**YOUR INSTRUCTIONS:** Please reproduce the entries below exactly as they stand, but leave the pictures out.

+ + + + + + +

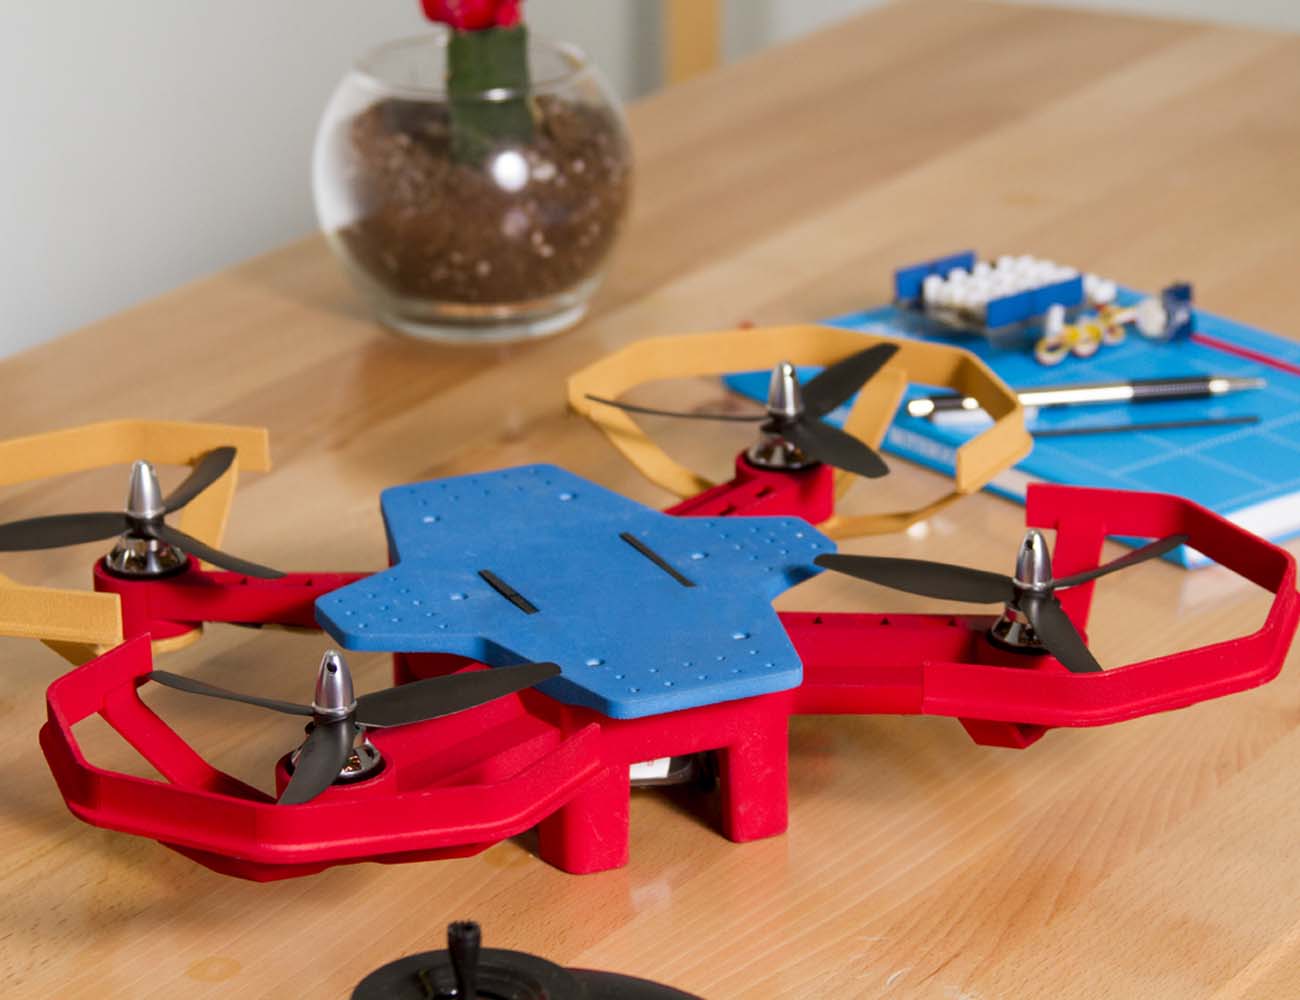 Eedu – An Easy Drone Kit That Teaches You Coding And Robotics
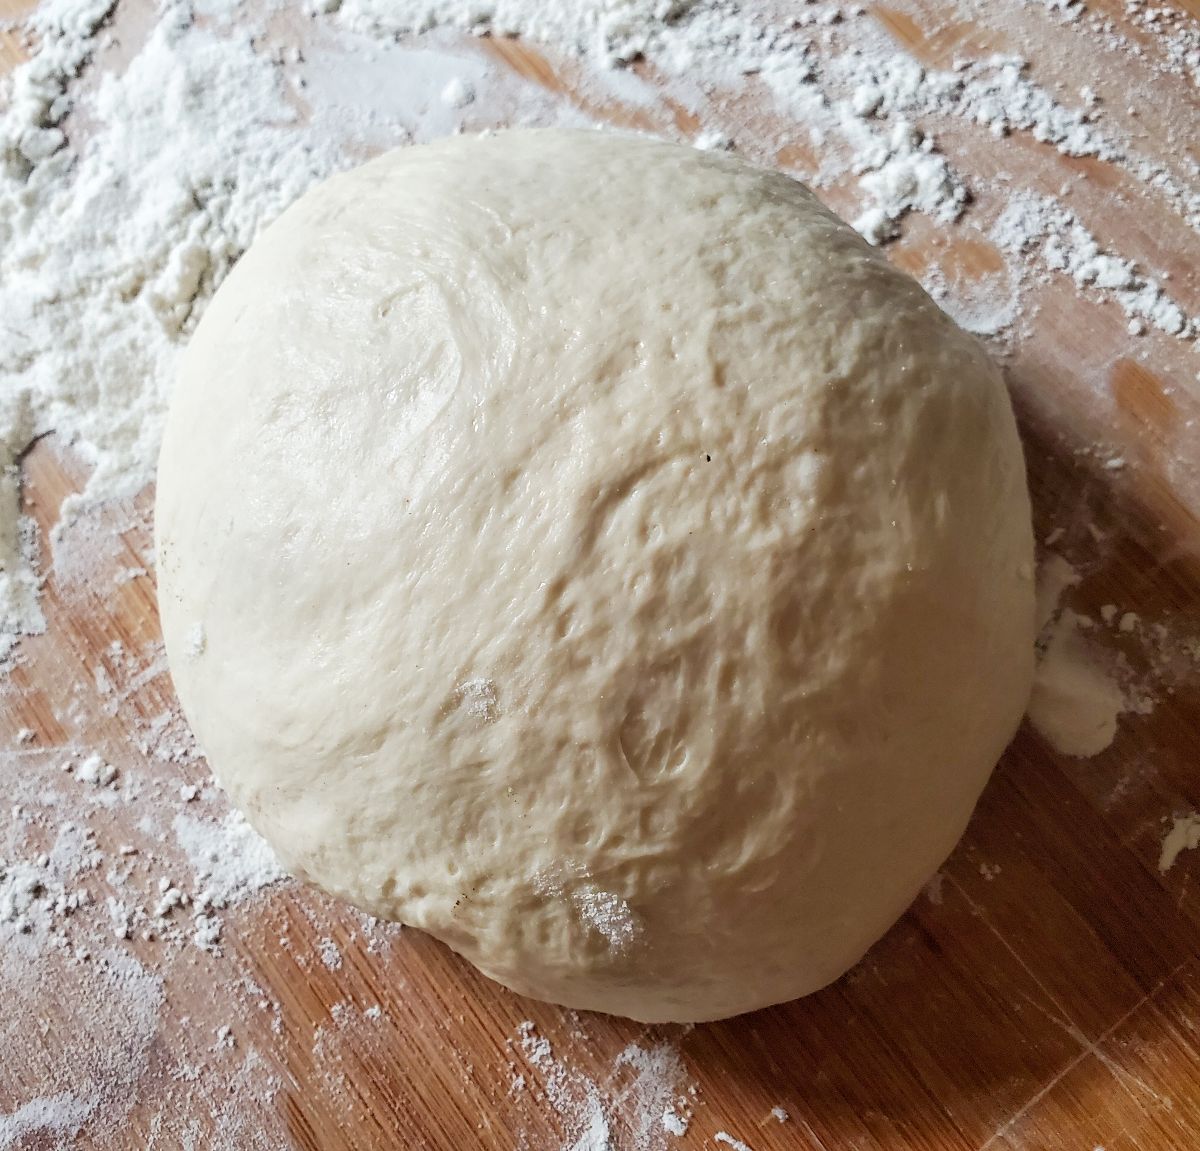 Easy Pizza Dough Recipe to Make at Home
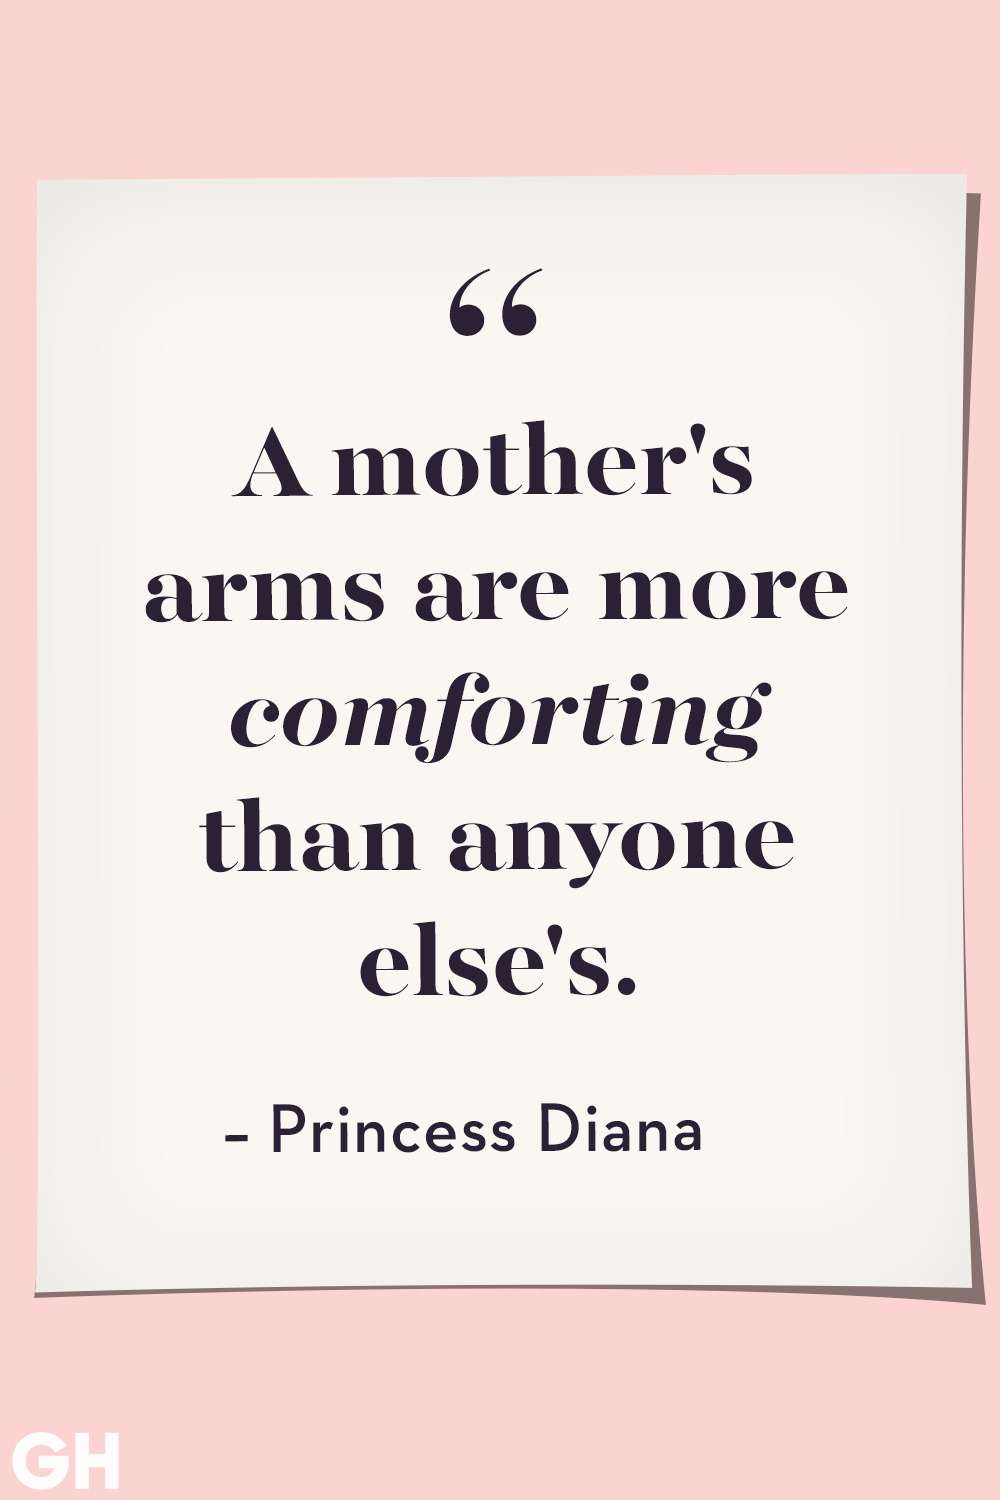 a mother’s arms are more comforting than anyone else’s. princess diana
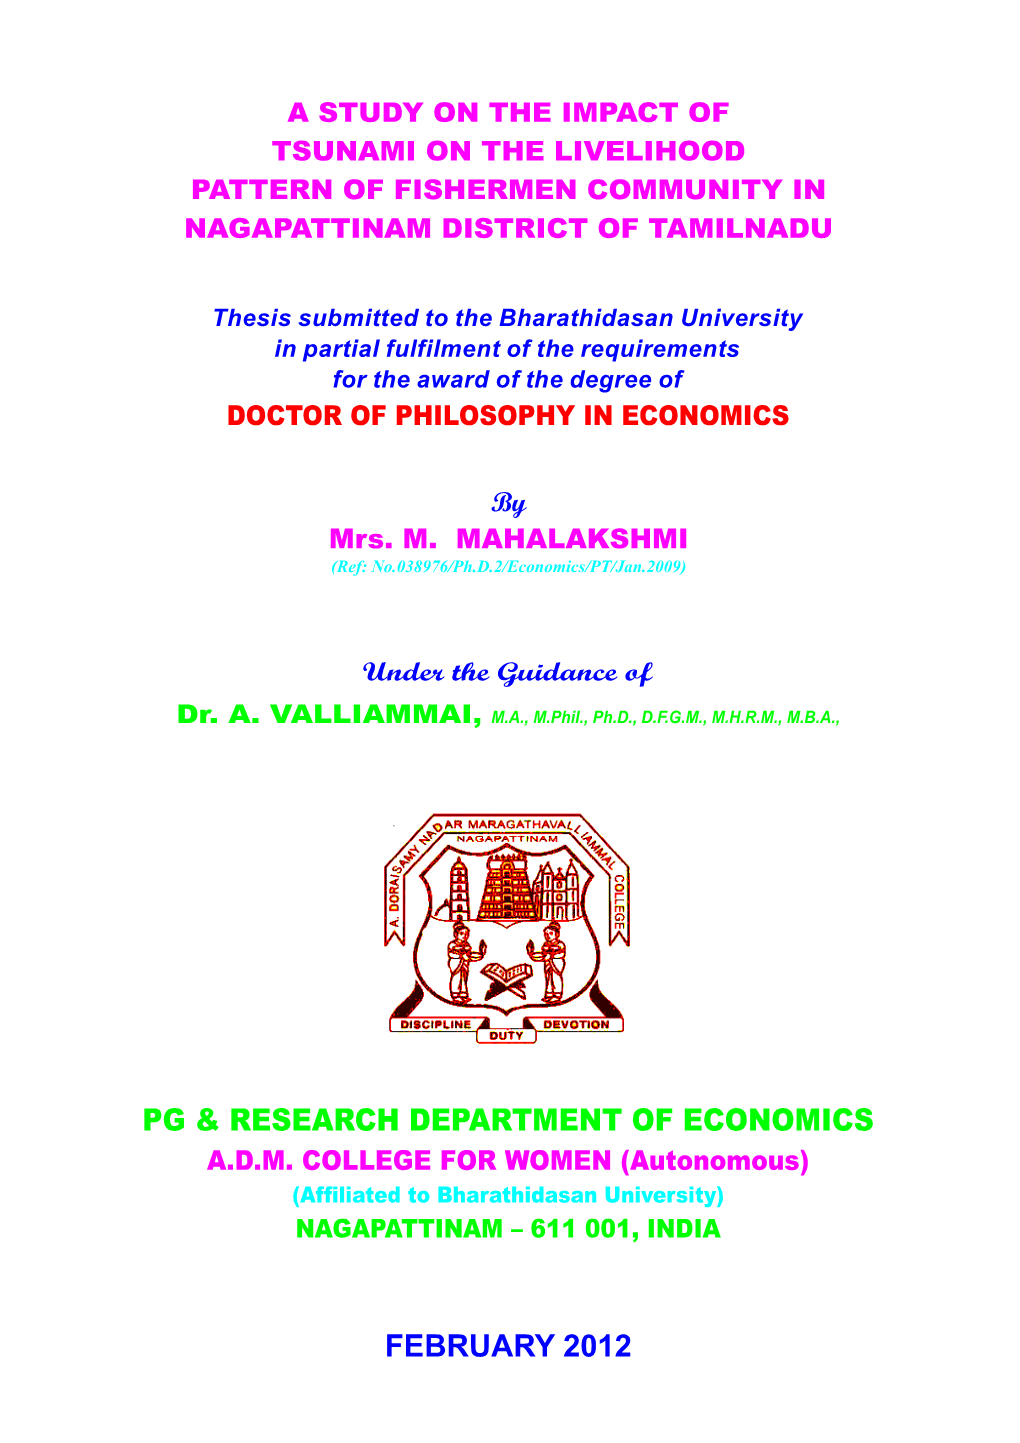 Thesis Submitted to the Bharathidasan University in Partial Fulfilment of the Requirements for the Award of the Degree of Dr
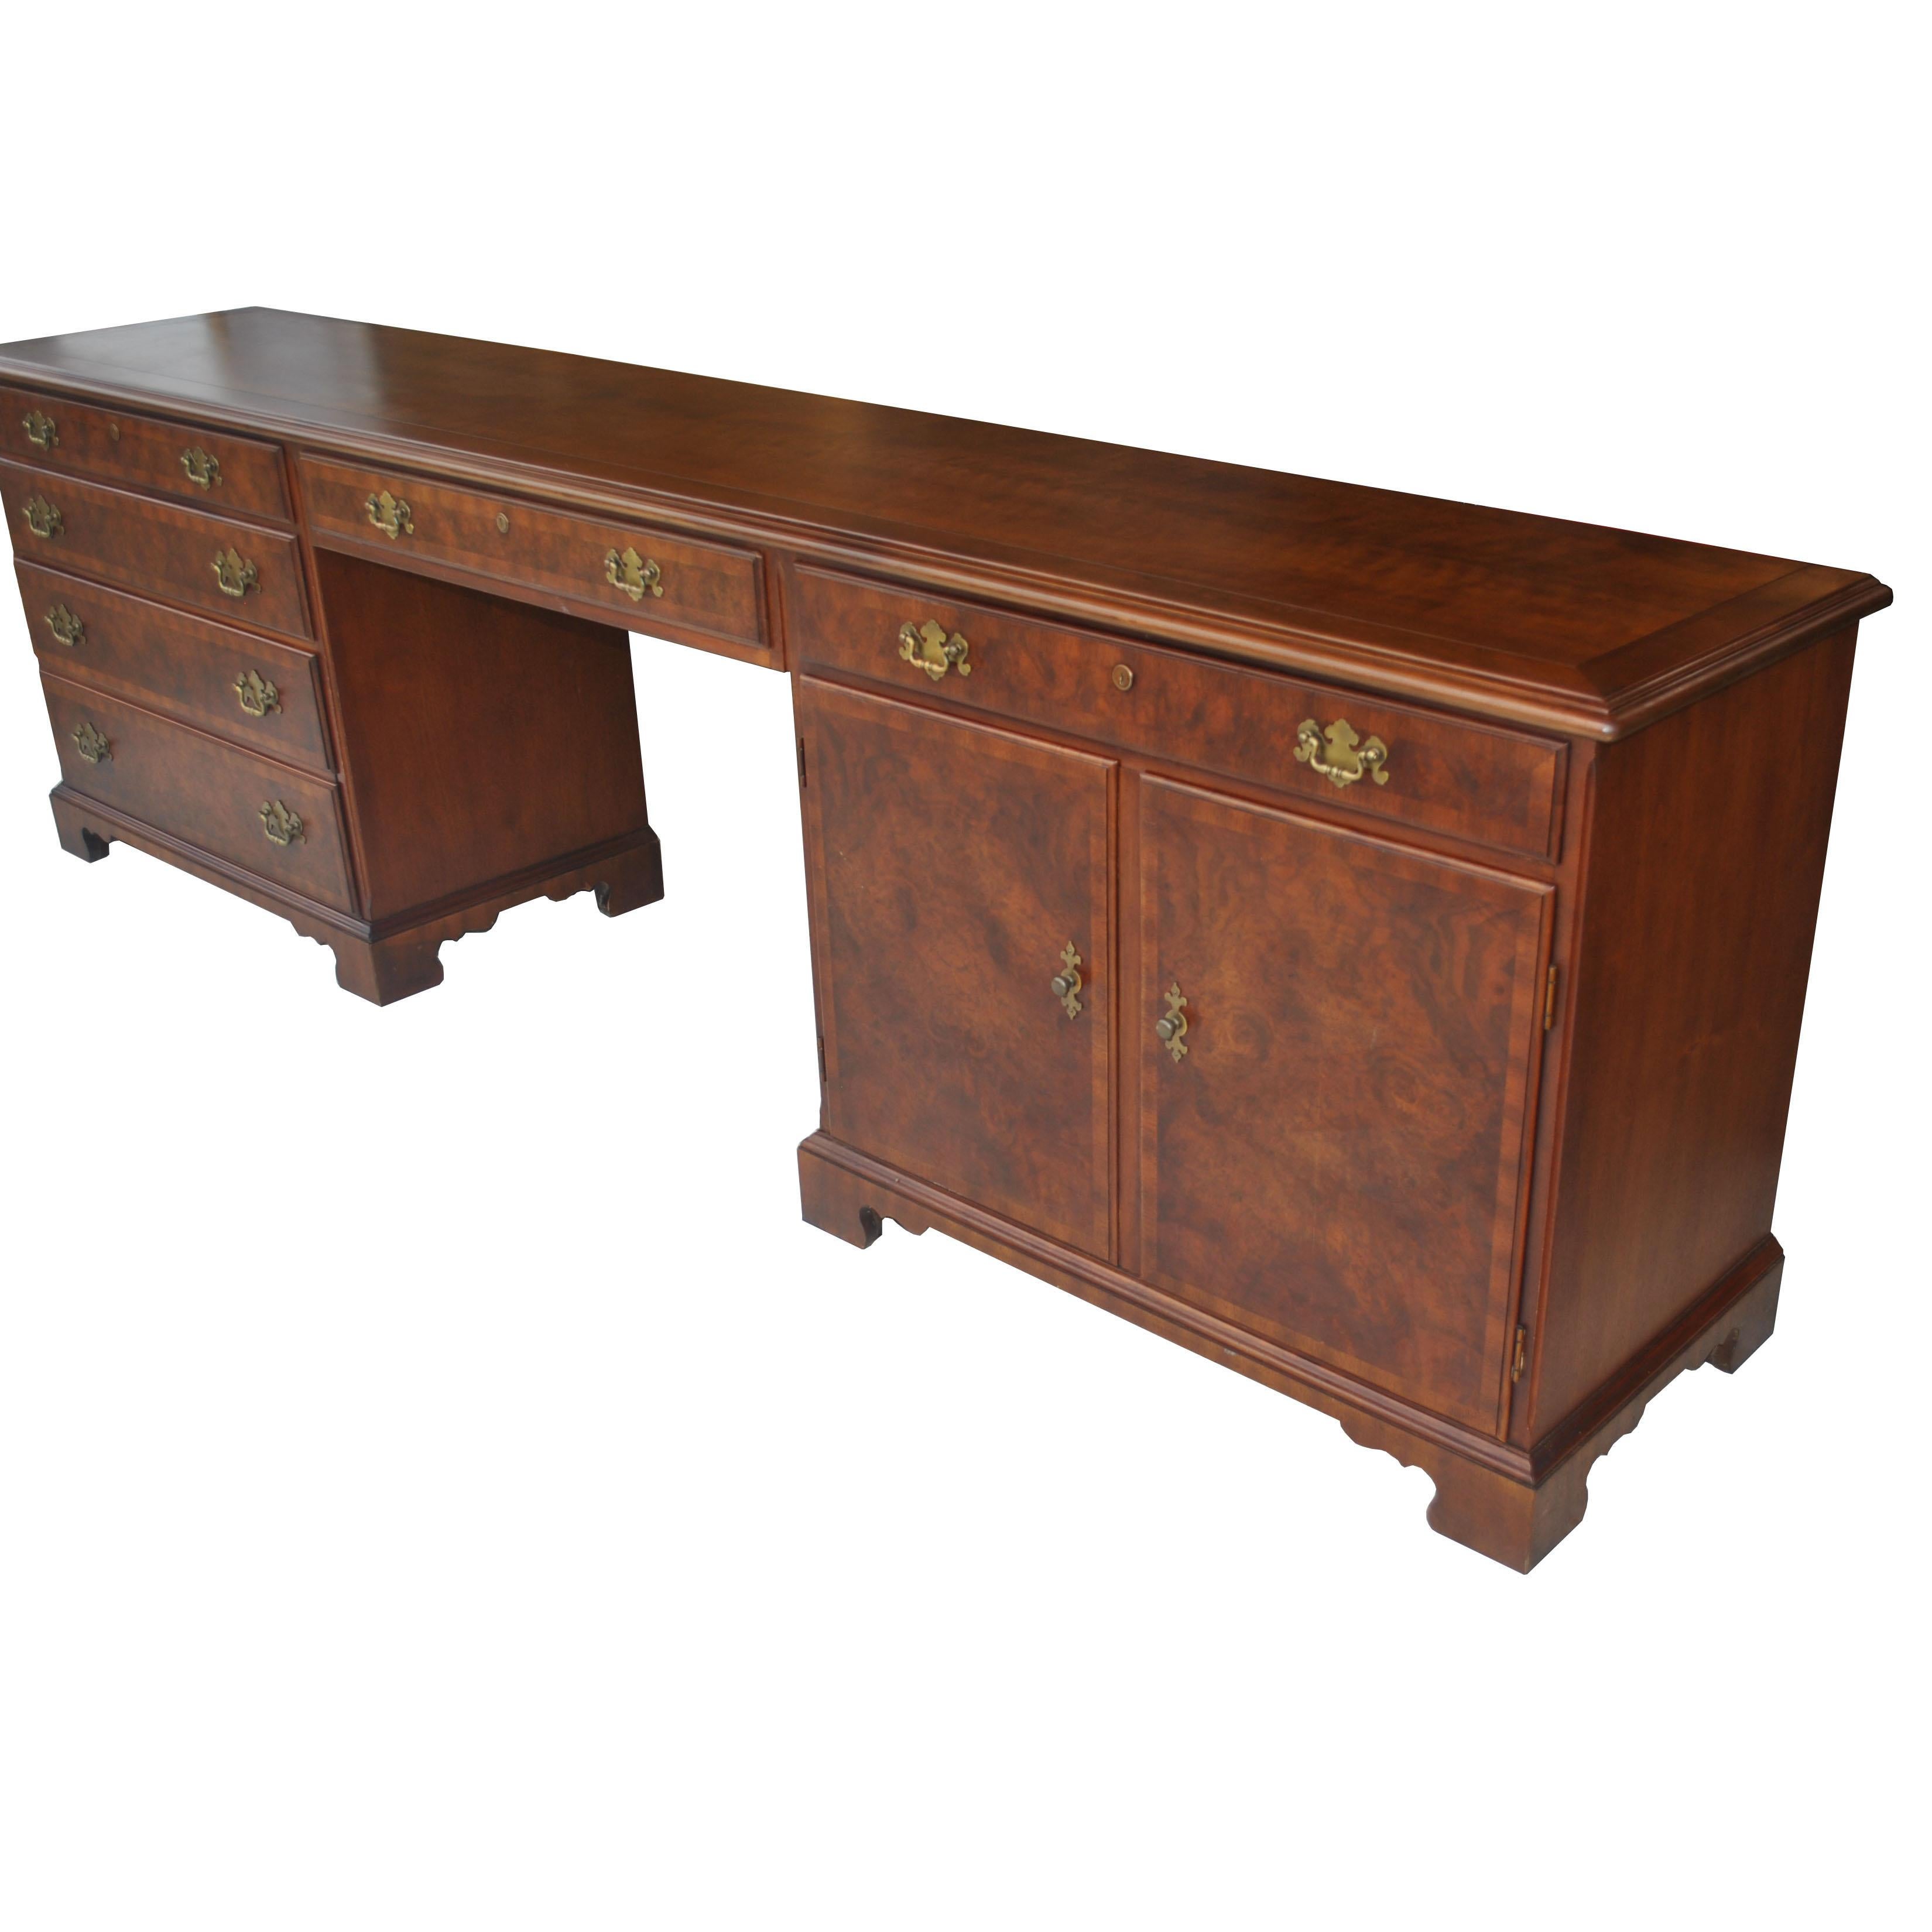 8.5 FT vintage midcentury Widdicomb Burl walnut campaign kneehole credenza


Large knee-hole credenza desk by John Widdicomb. Campaign -style with brass handles. Nine drawers including dual file drawers and roomy cabinets.

+ + + + + + +

**YOUR SOLUTION:**
 Eedu – An Easy Drone Kit That Teaches You Coding And Robotics
 Easy Pizza Dough Recipe to Make at Home
 a mother’s arms are more comforting than anyone else’s. princess diana
 Thesis Submitted to the Bharathidasan University in Partial Fulfilment of the Requirements for the Award of the Degree of Dr
 8.5 FT vintage midcentury Widdicomb Burl walnut campaign kneehole credenza


Large knee-hole credenza desk by John Widdicomb. Campaign -style with brass handles. Nine drawers including dual file drawers and roomy cabinets.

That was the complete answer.